In the 1960s, Dr. Jerry Mendell encountered his first patient with Duchenne muscular dystrophy, a genetic disorder that results in the progressive weakening of muscles. Fast forward more than 50 years later, and Mendell has developed the first treatment that can slow down the progression of the disease. Duchenne is caused by a mutation in the dystrophin gene, which is responsible for producing a protein necessary for healthy muscle function. Symptoms typically start to appear in children between the ages of 3 and 6, and worsen over time, eventually leading to breathing difficulties and heart problems as well as loss of muscle control.
While gene therapy to replace the faulty gene is the most effective solution for Duchenne, it has been challenging to find a way to deliver a healthy copy of the gene into cells. Due to its size, dystrophin is one of the largest genes in the body, making transport into cells a complex task. Mendell’s research focused on a related muscle disorder where individuals with slightly different mutations in dystrophin were still able to maintain healthy muscle function and a relatively normal life. This led Mendell to collaborate with Sarepta Therapeutics to develop a way to deliver the crucial parts of the gene to patients with Duchenne.

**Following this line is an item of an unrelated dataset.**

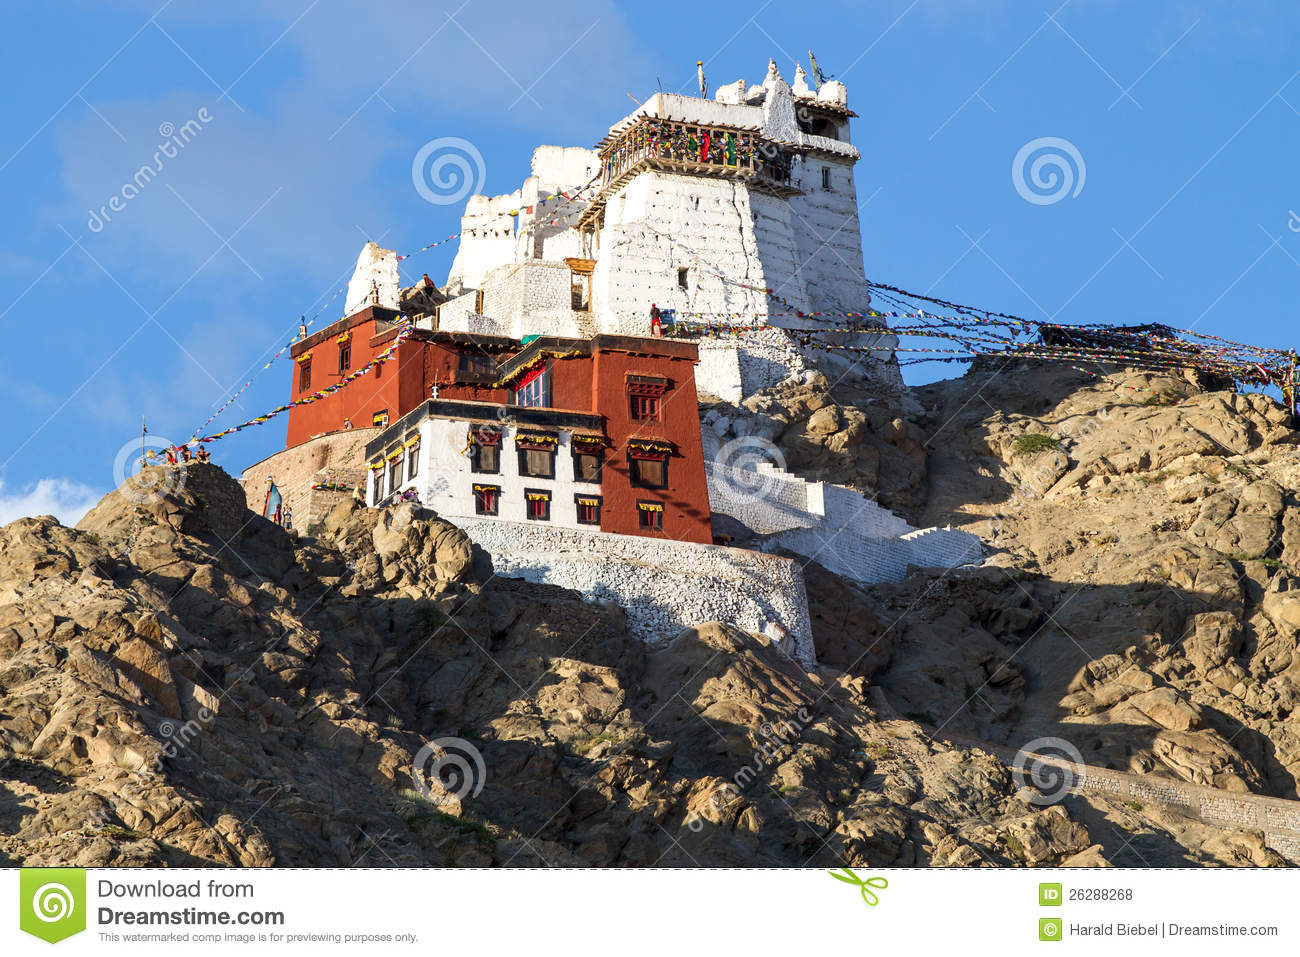 Maitreya Temple overlooking Leh-Ladakh

The gene therapy developed by Mendell and his team was approved by the U.S. Food and Drug Administration in June 2023. The first group of young boys treated with the therapy have shown promising results, with their bodies producing healthier copies of dystrophin and not experiencing the typical symptoms of the disease such as muscle weakness. Mendell, now a senior adviser at the Center for Gene Therapy at Nationwide Children’s Hospital, believes that this is just the beginning and there is still more work to be done to perfect gene therapy for Duchenne.